A GRIM reminder of just how close to home Wednesday's appalling terror attack was to all our lives comes from Nigel Huddleston.

A day before a warped maniac brought terror to London, Mid-Worcestershire's MP was hosting a group of county schoolchildren at Parliament.

The kids actually crossed Westminster Bridge during their stay in London, utterly oblivious to what would unfold less than 24 hours later, when it was French schoolchildren caught up in the horror.

* A £12 million Green Skywalk for Worcester is 'on the rocks', to put it politely, with no money raised towards it and a set of old timetables abandoned.
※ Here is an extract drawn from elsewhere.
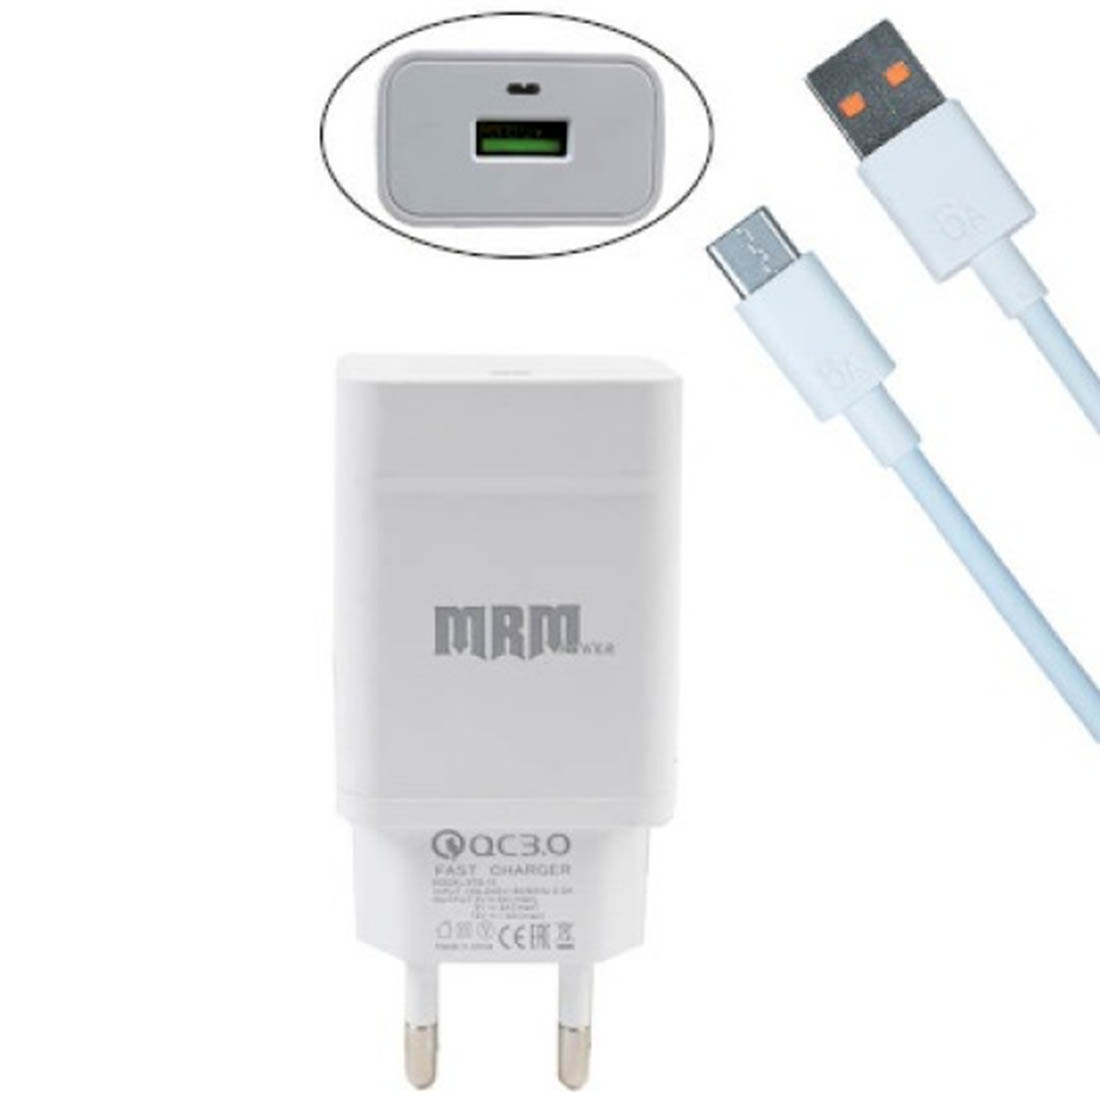 СЗУ (сетевое зарядное устройство) MRM S50t комплект 2 в 1, 1 USB, QC3.0 с кабелем Type C, цвет белый
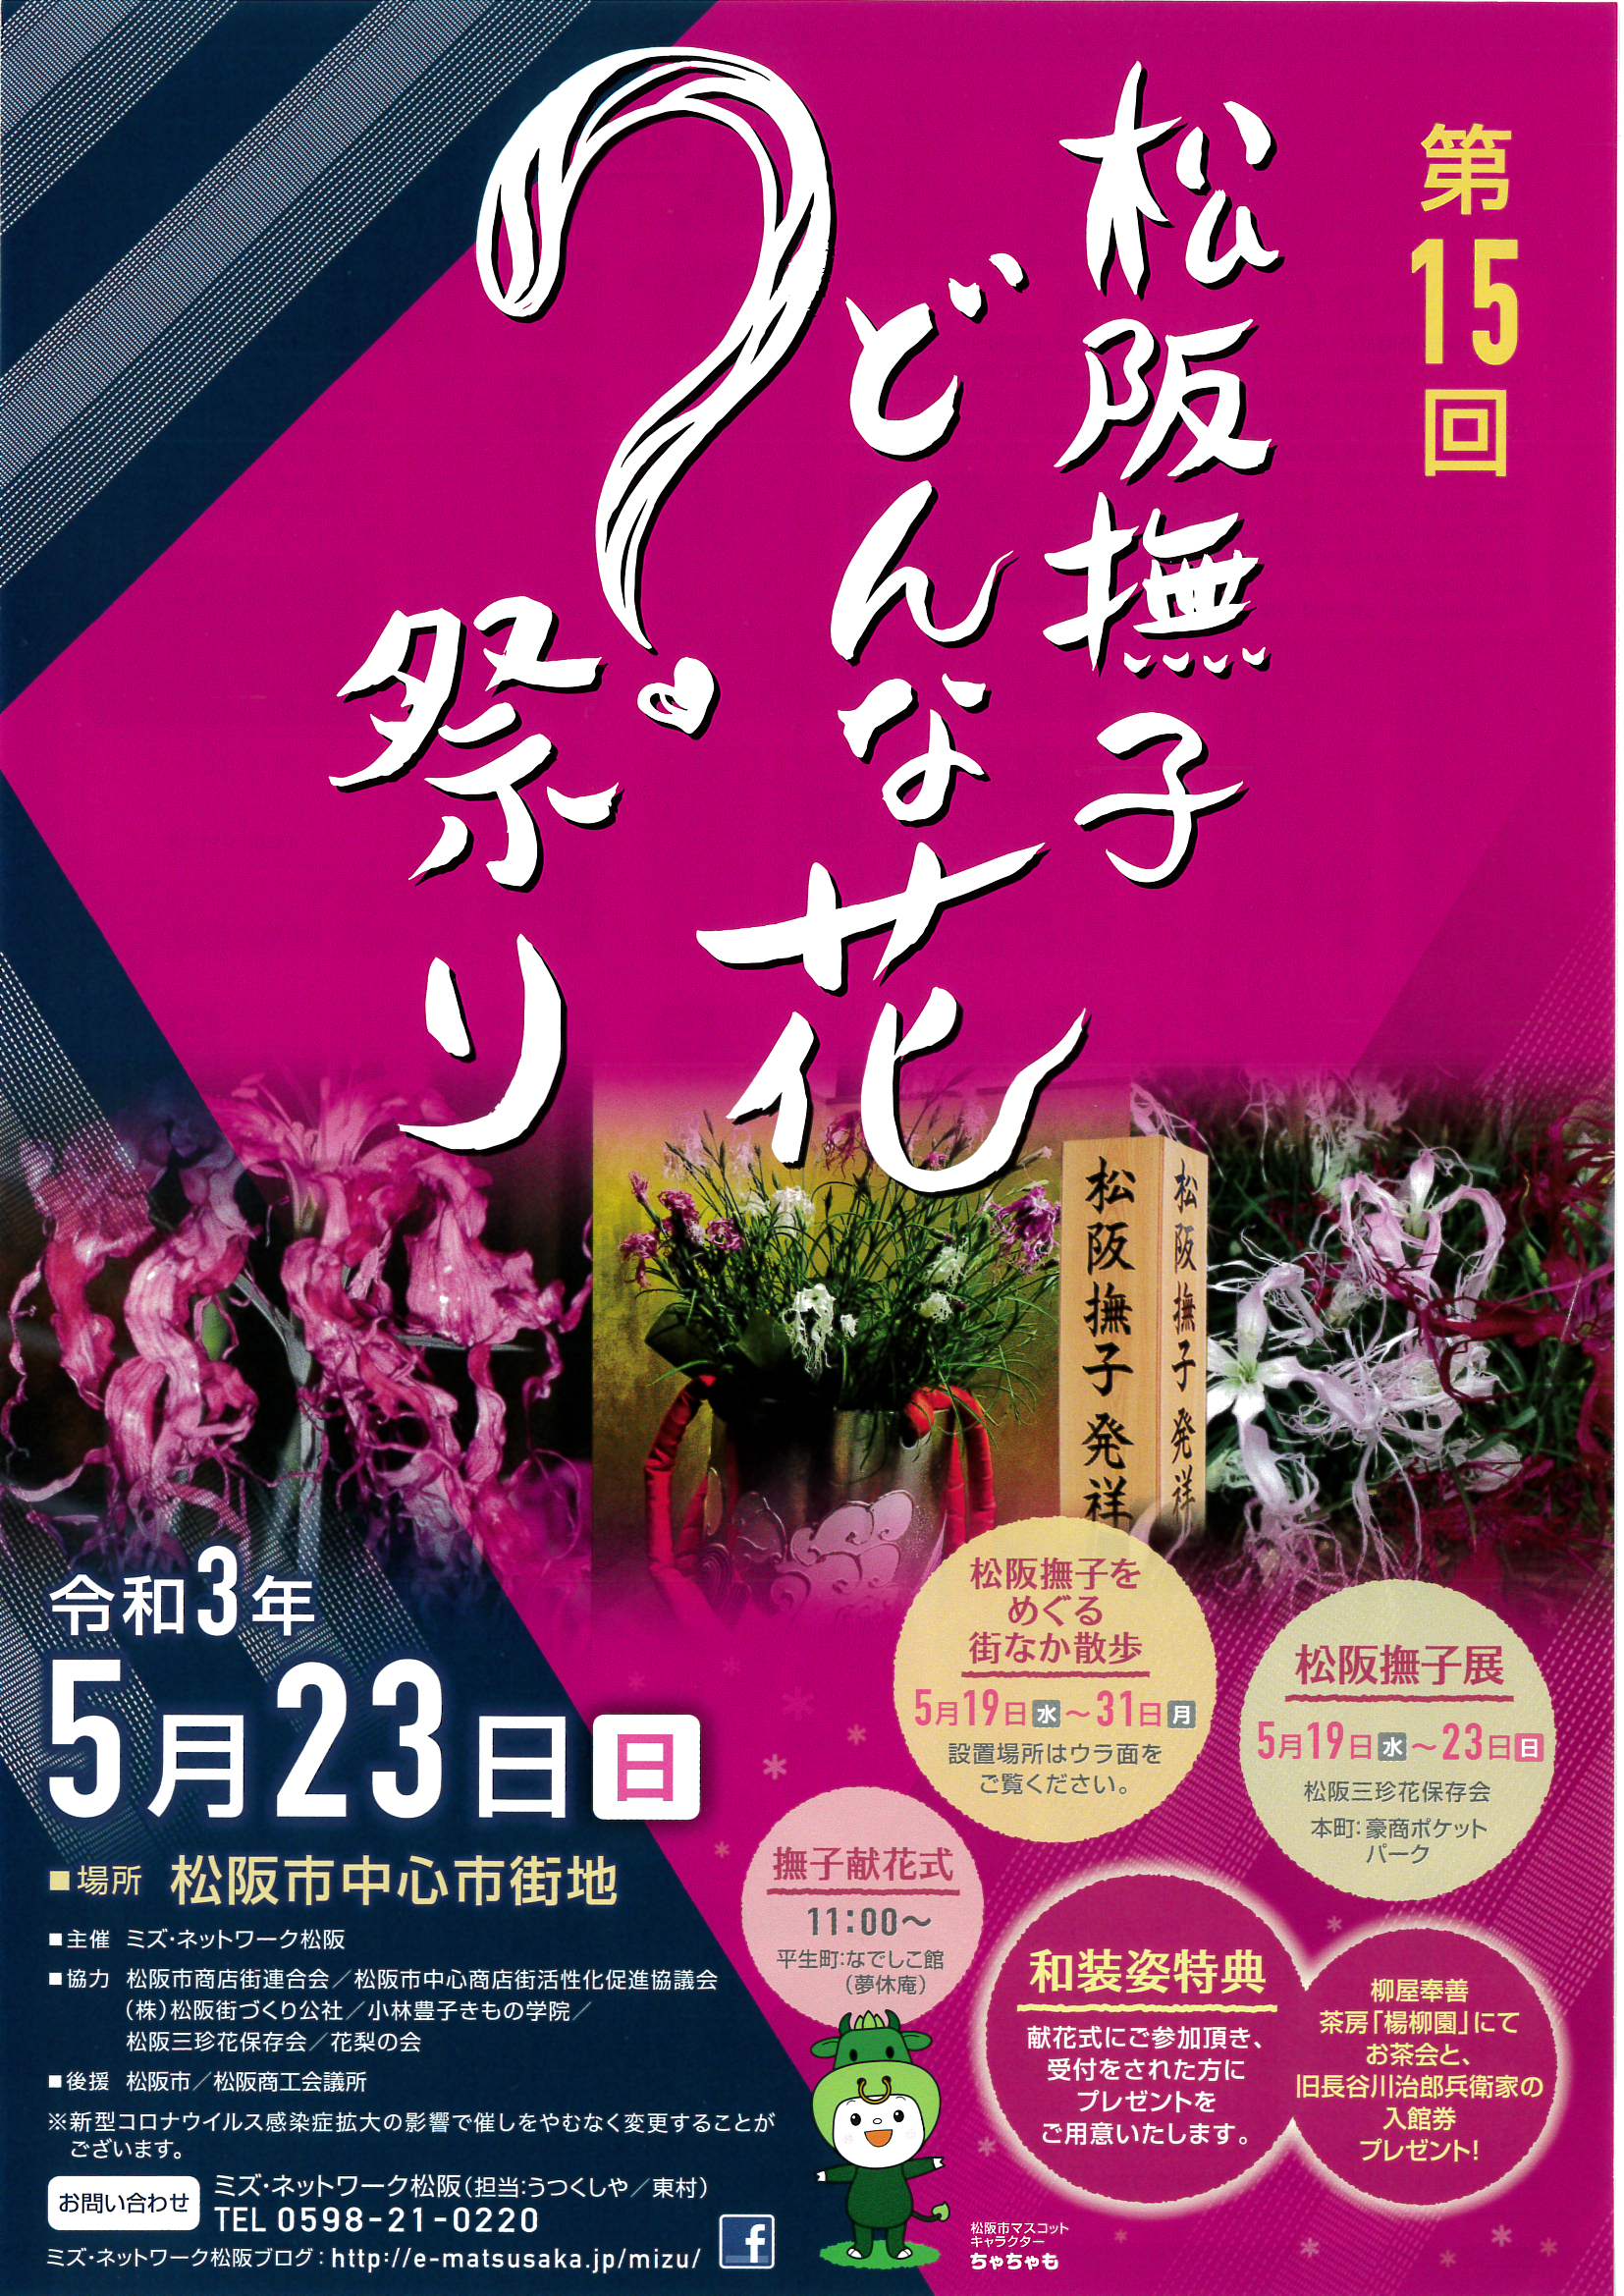 21年5月23日 日 第15回松阪撫子どんな花 祭り 観光情報 松阪市観光協会

A penny for the thoughts then, of former Worcester City Council managing director Duncan Sharkey, who quit in May 2015 for a new job in Milton Keynes.

When he departed, his impassioned leaving speech was devoted to how badly Worcester needs the skywalk to happen, urging decision-makers to not let people down.

"It's brilliant, it's unique: my message to the city would be 'let's make sure this happens'," he pleaded.

What would he say now?

* A BY-ELECTION will be staged in Bedwardine this May after Tory David Wilkinson quit the city council - but was he pushed?

The official reason given was that he 'no longer lives in Worcester', which is true - but he's been based at Abbots Lench, near Evesham, for two years.

* YOU will read this here first, but The Source has detected a growing link between Brexit and booze.

Last month Worcester MP Robin Walker enjoyed a trip to Scotland under his role as a Brexit minister, catching up with the Scotch Whisky Association.

And last week Wyre Forest MP Mark Garnier's job as a trade minister took him to, you guessed it, the botting halls of Scotland where he accompanied officials from the same body to a booze distillery.

If this is a tactic to bribe grumpy Eurocrats with drink, I'm all for it.

* POLITICIANS dread hearing the phrase "you're all the same" but there is only one thing worse, as ex-city Labour MP Mike Foster found out.

Door knocking in Rainbow Hill for May's elections, he tweeted: "Bit surprised to be called 'Robin', whoever he is."

* MIND you a nasty surprise might be waiting for some election hopefuls if they take the wrong turn into a road in Claines.

One householder in Vicarage Lane says he has stuck a sign on the front door asking nobody, of any political persuasion, to bother ringing the bell over the next six weeks.

"I don't answer the door to salesmen or politicians," he tells us.